Dinner takes place on three long trestle tables set up under the olive trees. All is elaborately arranged with a seating plan to cover all 200 guests.

Then dancing, first to the brass band, who seem to be keen to carry on; after that, to a live band on a specially constructed terrace by the newly half-constructed pigsty.

One boring reflection occurred to me only afterwards. What would have happened had it rained? In fact we have been blessed by almost unremitting sunshine. But Italy in mid-September can, of course, provide dramatic storms.

Sunday 13 September

The day after – recovery day, rather needed by me as I only crept into bed at 2.00am.

A “Recovery Lunch” was planned at an agriturismo just down the road. The signs to it said “Country House”, a phrase that seems to have got into the Italian language.
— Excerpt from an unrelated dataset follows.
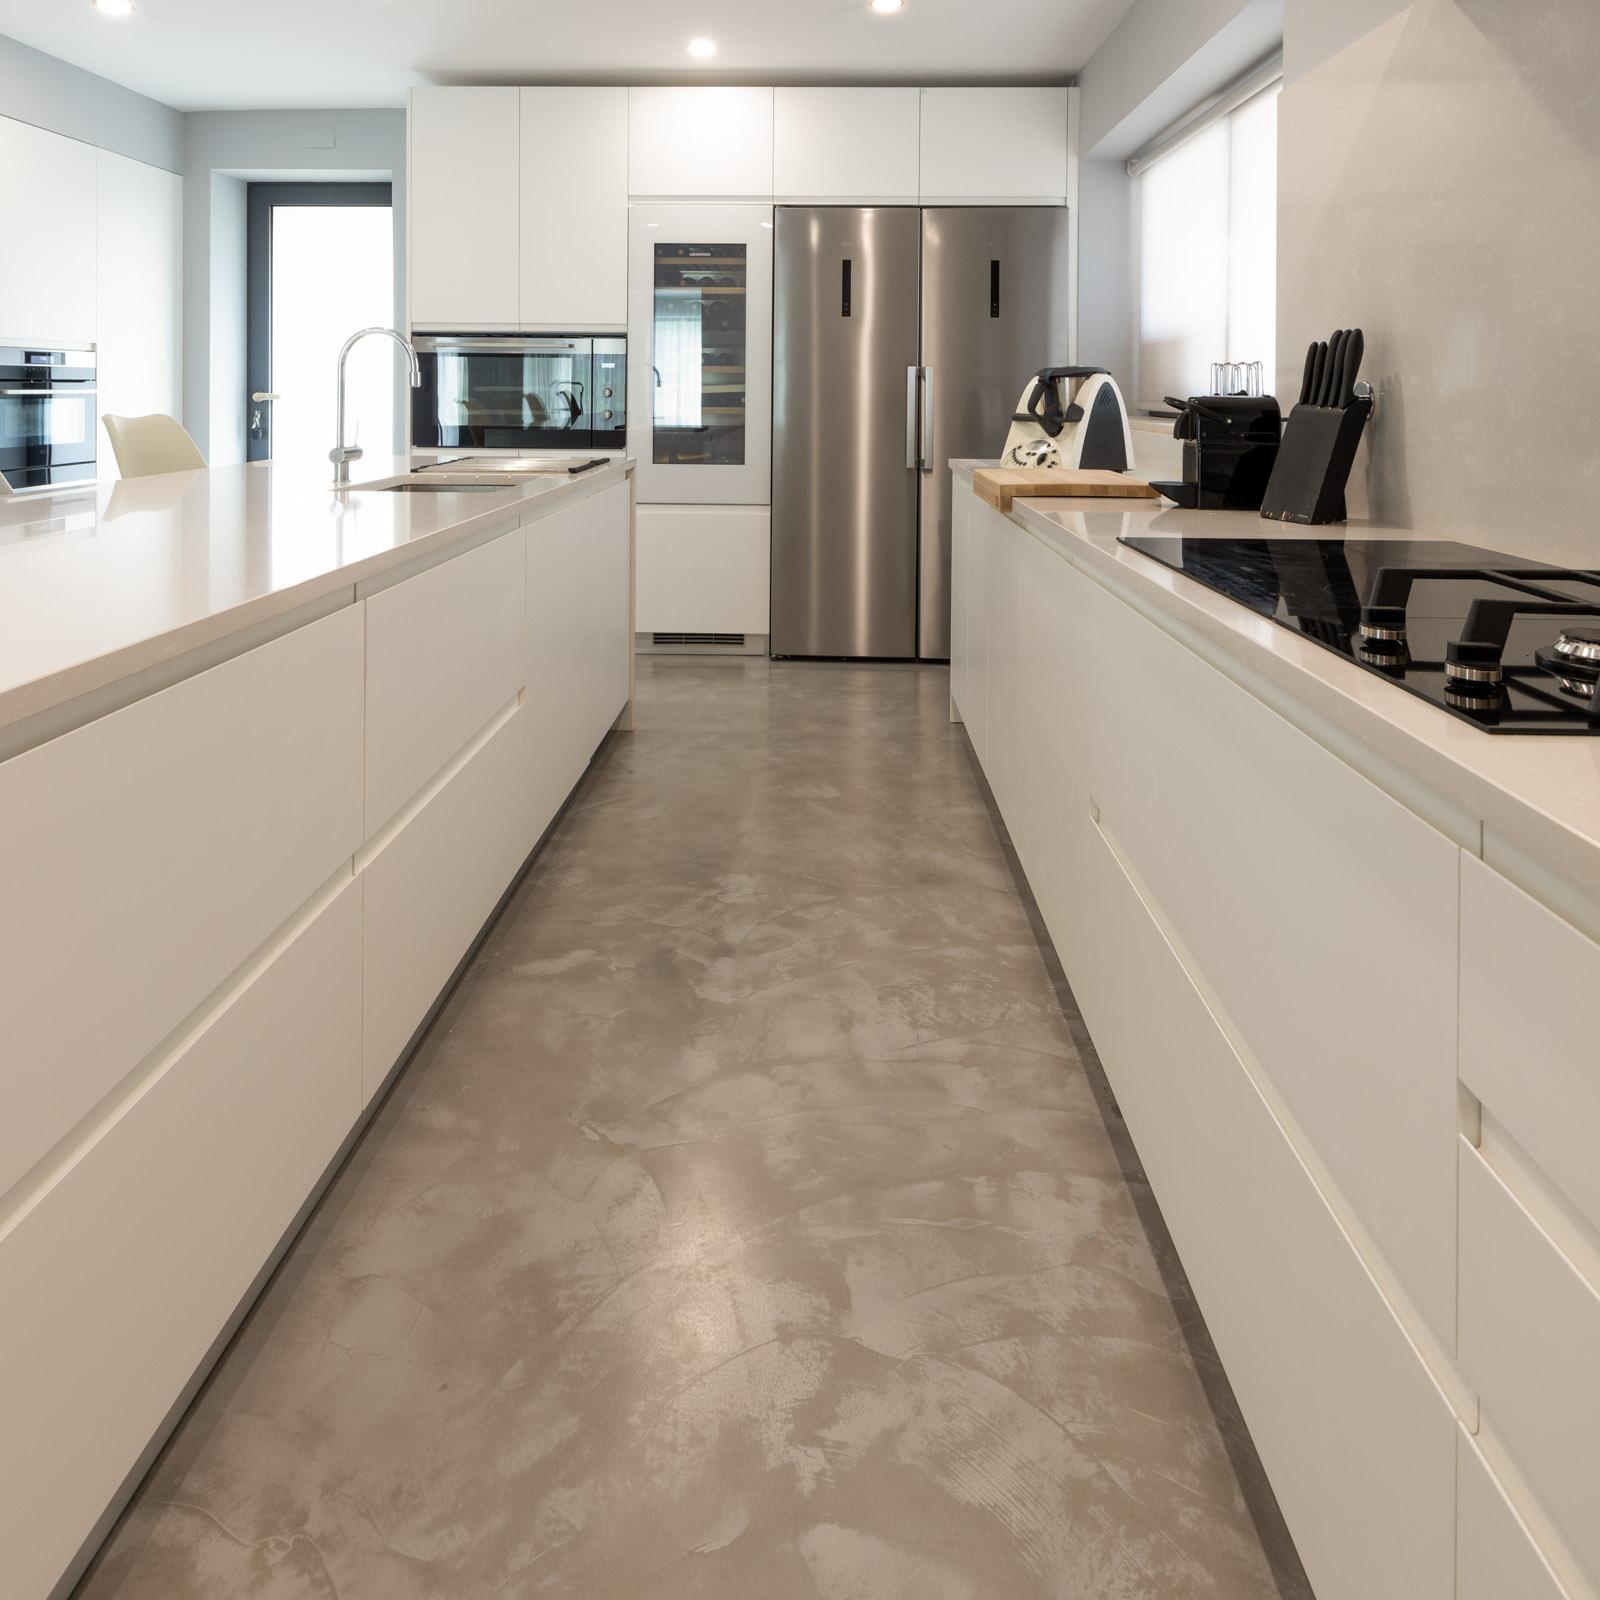 Cozinha moderna com ilha, com frentes em lacado branco mate sem puxadores, com bancada e forro de parede em Silestone Yukon, Side by Side AEG, garrafeira Liebherr e forno de 90 cm

The main event of the lunch was the prize giving for the best limerick. Everyone who contributed to the fresco was invited weeks ago to submit a limerick. The winners did well with references to the pigsty. Mine didn’t score very highly in such erudite literary company. It referred to the last time we came to a similar party, 10 years ago, when Martin and Tessa, having been together for 20-30 years, announced that they had just got married. Here it is – you need to know that Deruta is a nearby village:

When we were last in Deruta

Our Martin turned out as a suitor

Who had he found?

With such talent around!

Why! No one but Tessa was cuter.

Martin has said that we’ll all get copies of the winning entries.

A final word about the weather. We made our way down to the “Country House” for lunch in slightly overcast but pleasant conditions. As soon as we had sat down to eat – indoors, happily - the heavens opened and delivered the kind of storm that only Mediterranean climates can. It was all over by the time we started to wend our way back up the hill. How kind of the Almighty to delay it by 24 hours.

And a final word about the pigsty. Tessa gave us a little tour before we left. It looks as though it will be even nicer than the existing house – with a terrace and big windows looking out on the magnificent view over the Umbrian hills. We saw the builders building an internal wall with special, environmentally friendly and sustainable bricks, made (believe it or not) of cannabis or Indian hemp, a name which makes slightly more sense in the context of building material. All the walls have this material inside – to provide insulation. The plants are grown, according to the builder, in the north of Italy – not Colombia or Afghanistan.